Yes. SleekView respects every WordPress capability check LifterLMS Private Areas registers. A leader who can view but not edit an area can drag a card to inspect, but the writeback only fires for leaders with the same capabilities the post edit screen would enforce on a manual save.

 

Add the new state in LifterLMS Private Areas the way you normally would, by adding a custom post status through the plugin filters or a custom area meta. SleekView picks it up on the next board load because columns are derived from the distinct values on rows, not hard coded.

 

No. SleekView paginates cards per column instead of loading every area up front. The board fetches counts via an indexed post status query, and each column loads a window of cards on demand, so even a LifterLMS site with thousands of private areas stays responsive on hosting.

 

Yes. Any LifterLMS related table with a status like column is a valid board.
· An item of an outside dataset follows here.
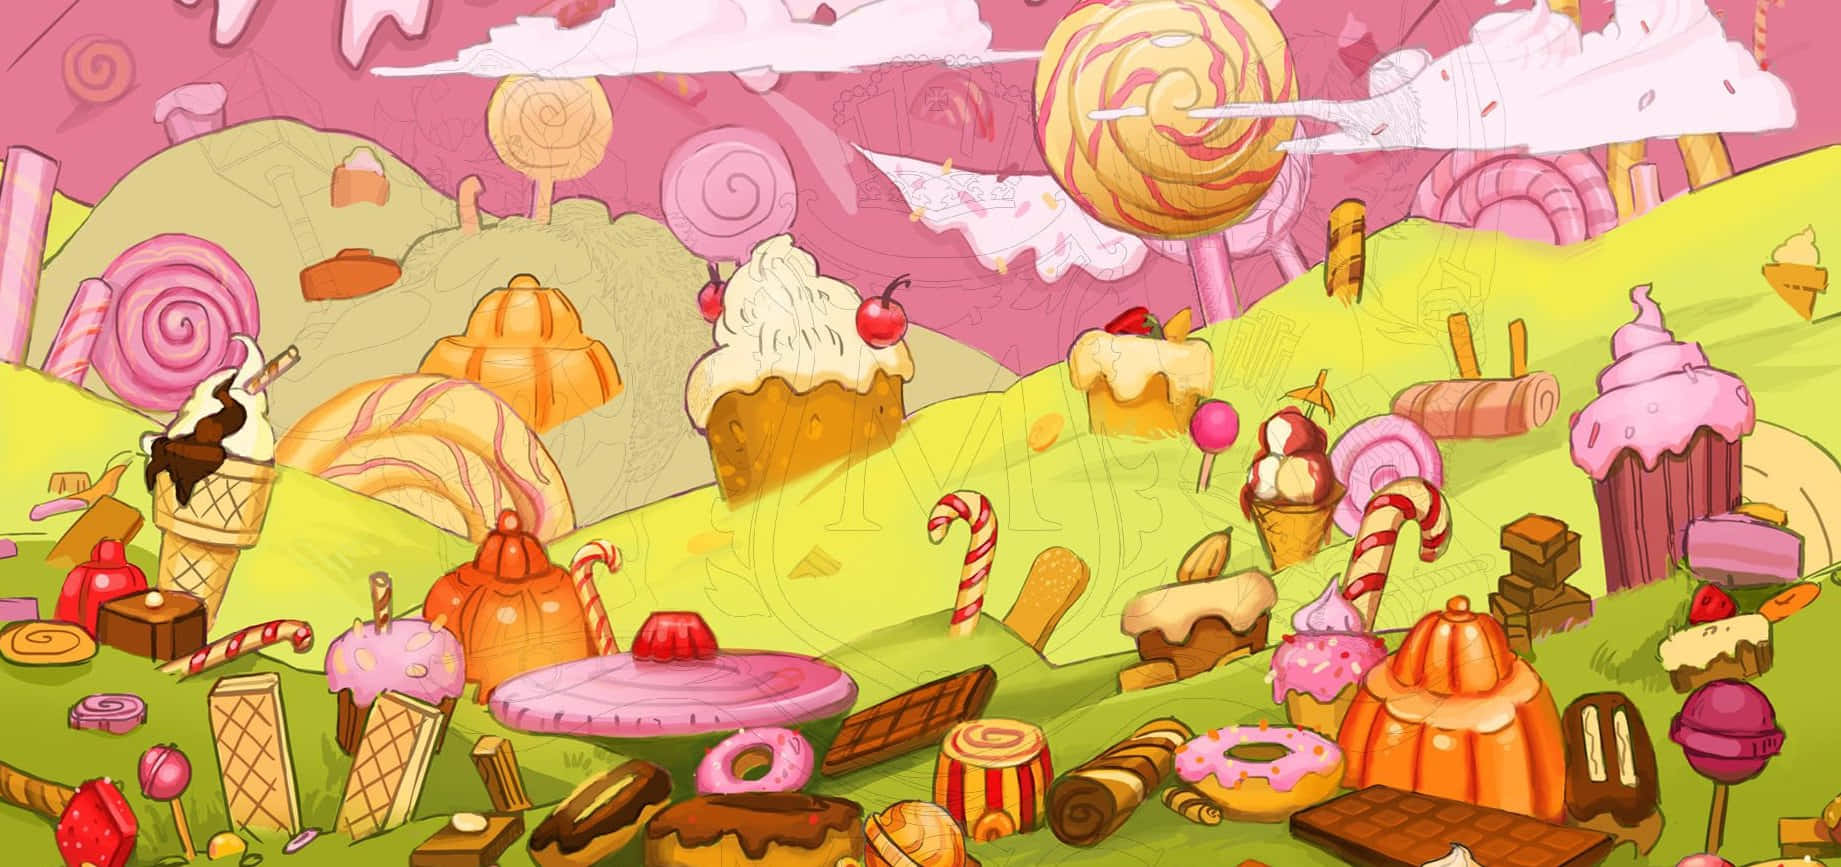 A Cartoon Illustration Of A Candy Land
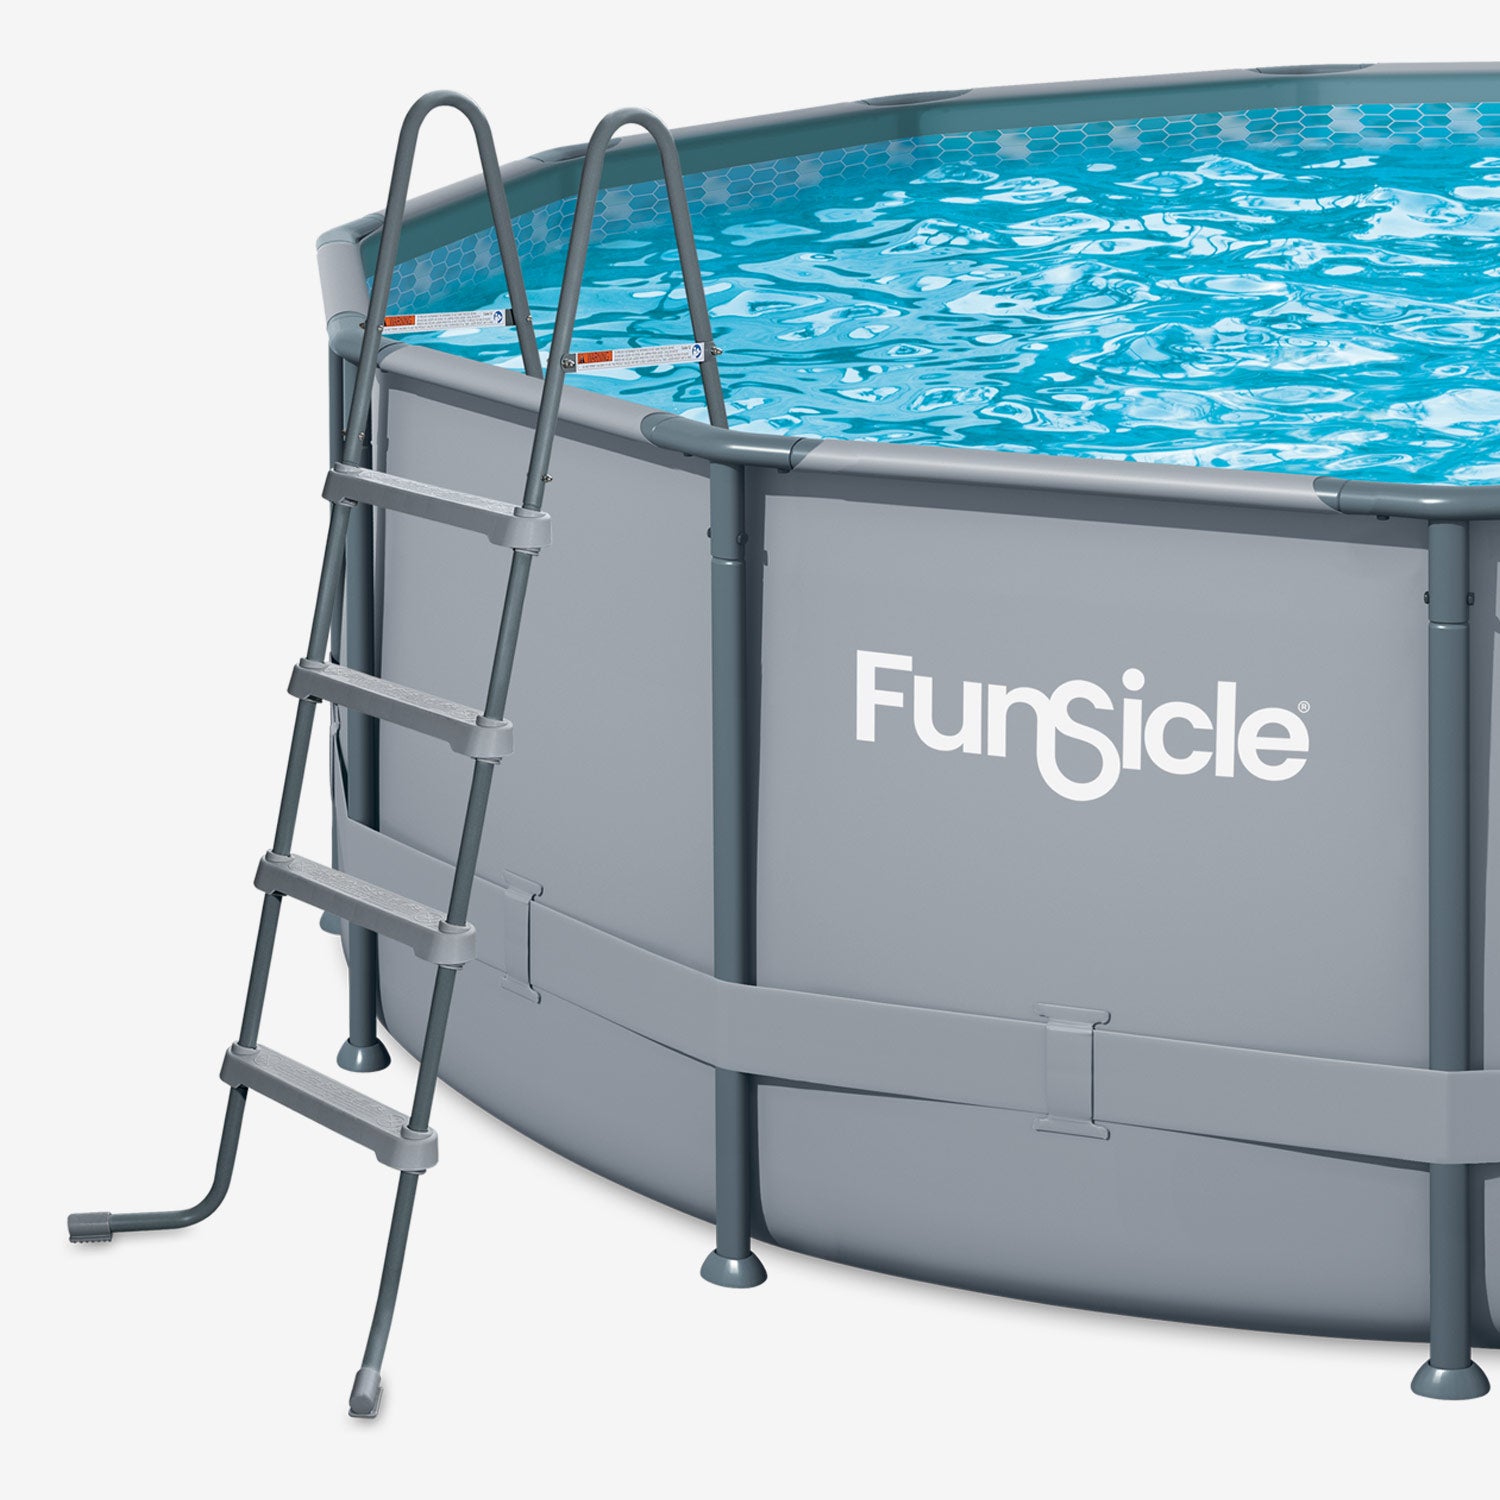 Funsicle 48" SureStep Ladder with a gray pool

The cohort scope meta, the access rule table, and the per cohort content audit all work the same way as the main areas board does once you point SleekView at the right table to group cards on a chosen column.

 

It stays in sync because there is no separate database. SleekView reads the same wp_posts table the WordPress and LifterLMS Private Areas admin read. Changes on the kanban appear in the post list immediately, and edits from the admin appear on the next board refresh.